What is a good ROI over 10 years? ›

The average annual return for the S&P 500, when adjusted for inflation, over the past five, 10 and 20 years is usually somewhere between 7.0% and 10.5%. This means that if your portfolio is returning better than 10.5%, you have a good ROI.

How much do I need to invest to make $1000 a month? ›

A stock portfolio focused on dividends can generate $1,000 per month or more in perpetual passive income, Mircea Iosif wrote on Medium. “For example, at a 4% dividend yield, you would need a portfolio worth $300,000.

What is the safest investment with the highest return? ›

These seven low-risk but potentially high-return investment options can get the job done:
  • Money market funds.
  • Dividend stocks.
  • Bank certificates of deposit.
  • Annuities.
  • Bond funds.
  • High-yield savings accounts.
  • 60/40 mix of stocks and bonds.
5 days ago

What is a reasonable rate of return? ›

A good return on investment is generally considered to be about 7% per year, which is also the average annual return of the S&P 500, adjusting for inflation.

What is a bad ROI percentage? ›

And if a stock or fund turns in a lower rate of return than the S&P 500 index, it's considered to have underperformed the market. For example, if the S&P 500 rises by 13% for the year, and a stock you're holding rises by 10%, it's a bad rate of return.

How much money do I need to invest to make $3,000 a month? ›

Imagine you wish to amass $3000 monthly from your investments, amounting to $36,000 annually. If you park your funds in a savings account offering a 2% annual interest rate, you'd need to inject roughly $1.8 million into the account.

What major has the highest ROI? ›

The median ROI for bachelor's programs is $160,000, but four-year college degrees in engineering, computer science, nursing and economics are the most lucrative, with payoffs of $500,000 or more.
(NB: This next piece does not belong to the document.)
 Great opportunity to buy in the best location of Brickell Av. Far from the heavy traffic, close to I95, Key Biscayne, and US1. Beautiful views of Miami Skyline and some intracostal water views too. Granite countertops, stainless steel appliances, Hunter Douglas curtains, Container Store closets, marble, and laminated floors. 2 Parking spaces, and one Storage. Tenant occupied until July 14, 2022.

How much do I need to retire? ›

Most people need around 70% of their take home pay to maintain their current lifestyle in retirement. Each person's retirement plan is different. It will depend on when you want to retire, what you're going to do in retirement and where you live.

What is the average return from a financial advisor? ›

A good financial advisor can increase net returns by up to, or even exceeding, 3% per year over the long term, according to Vanguard research. The most significant portion of that value comes from behavioral coaching, which means helping investors stay disciplined through the ups and downs of the market.
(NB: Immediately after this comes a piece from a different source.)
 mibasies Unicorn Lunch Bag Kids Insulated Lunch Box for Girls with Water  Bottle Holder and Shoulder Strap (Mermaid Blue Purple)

What is the average return of the S&P 500? ›

The average yearly return of the S&P 500 is 10.62% over the last 100 years, as of the end of April 2024. This assumes dividends are reinvested. Dividends account for about 40% of the total gain over this period. Adjusted for inflation, the 100-year average stock market return (including dividends) is 7.44%.

Is 20% a good ROI? ›

What is a good ROI? While the term good is subjective, many professionals consider a good ROI to be 10.5% or greater for investments in stocks. This number is the standard because it's the average return of the S&P 500 , an index that serves as a benchmark of the overall performance of the U.S. stock market.

Is a 25% ROI good? ›

Overall, a 25% yearly return on investment is a strong performance, but it's important to evaluate the investment's risks and historical performance before making any investment decisions.

Is 20 percent a good ROI? ›

There is no set percentage. Some agencies might be satisfied with a 5-percent ROI, while others might be on the lookout for a higher number like 20 percent for it to be considered good ROI.

Is 2% a good ROI? ›

Now, think about a real financial example: a 2 percent return. This may not sound impressive, but let's say you earned that 2 percent in a federally insured, high-yield savings account. In that case, it's a very good return since you didn't have to accept any risk whatsoever.